Small farmers have also opposed the open land market because they cannot afford to buy land and have taken advantage of low rents under the old system. Due to the moratorium, land could not be used as collateral. Moreover, banks have ignored farmers with fewer than 500 hectares, and state subsidies have targeted large and influential agricultural producers.
This has to change too, says Faruk Khan, lead economist for the World Bank in Ukraine. The government’s five-year partial credit guarantee program can help kickstart lending to small farmers.
“The whole point of opening the agricultural land market is to enable the flow of private credit and enable banks to lend to small farmers,” said Khan. “Most of the financing to farmers will come not from the government but from commercial banks.”
The World Bank estimates that a transparent and efficient land market can boost economic growth by up to 1.5% over five years.
Small farmers’ fears
Mikhail Sokolov calls this a myth. He is deputy director of the Ukrainian Agrarian Council, which lobbies the interests of some 700 small and medium-sized farm owners.
“Farmers will be able to take out loans secured on land only when they own it. Where will they get money to buy land?
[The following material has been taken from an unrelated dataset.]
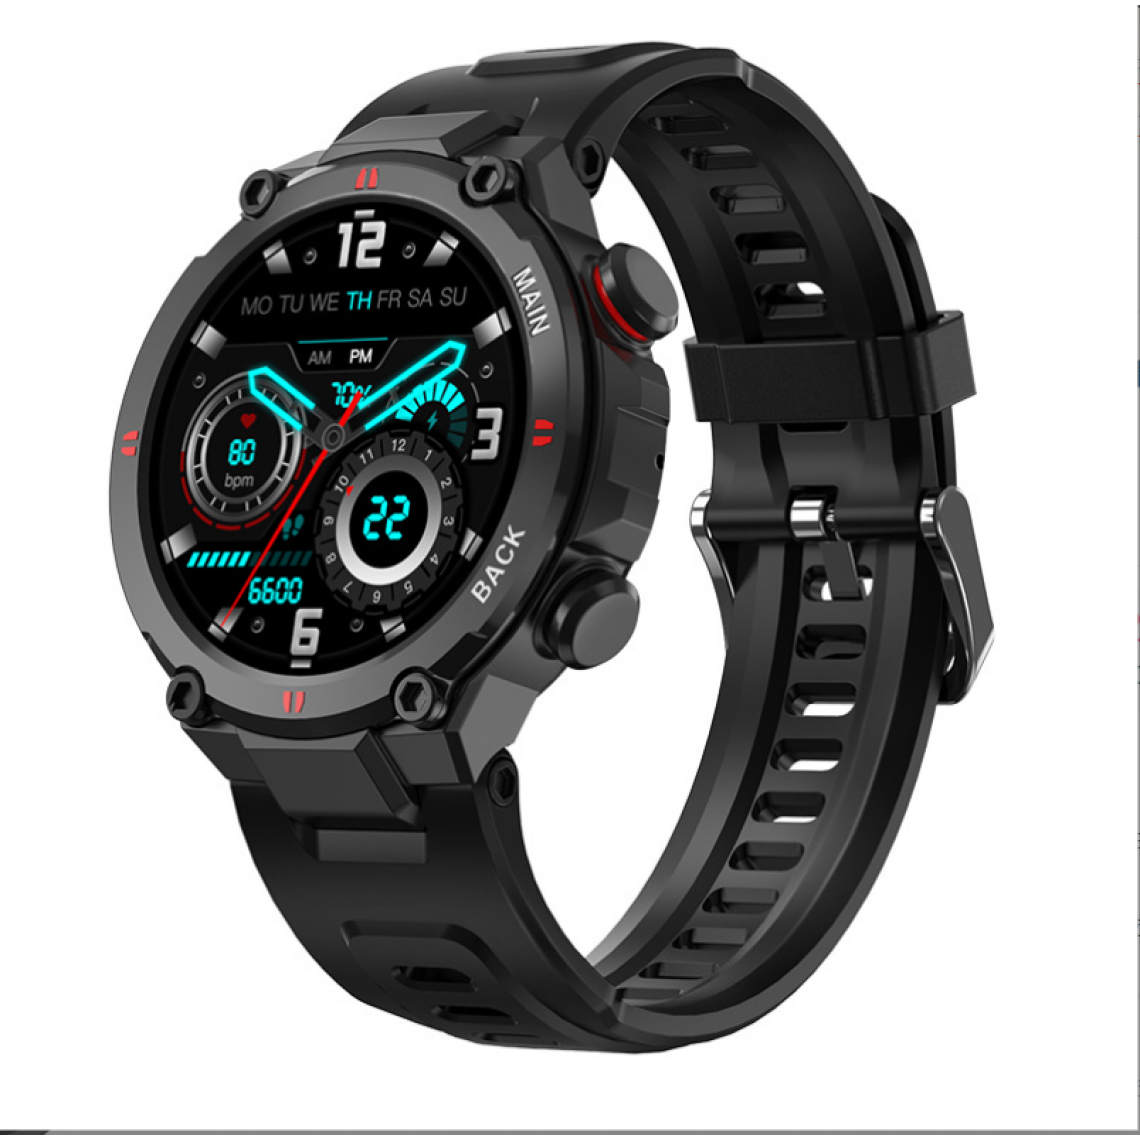 Chronotech Montres - Chronus Smart Watch Bluetooth Call Watches Pedometer music play incoming call message reminder Smart Watch ï¼blackï¼ - Montre connectée

They are cut off from bank loans,” he told the Kyiv Post.
Small farmers feel the government prioritizes the interests of large agroholdings and landowners. They support land sale but only with safeguards such as a transparent land registry and legislation to protect them from illegal land seizure, Sokolov said.
Members of his association have also held nationwide protests demanding that the government ban farmland sales to companies with foreign ownership or capital. They also want to limit ownership to 5,000 hectares per person or entity. The current draft bill proposes a limit of 200,000 hectares.
“We believe the open land market should enable the development of small and medium-sized farms, not agroholdings that have access to borrowing abroad,” he told the Kyiv Post.
Sokolov believes that the “foreigners” buying up Ukrainian land will be Ukrainian agroholdings with entities abroad. The land, he said, should be the property of those who cultivate it.
“Farmers want to invest in their own land.”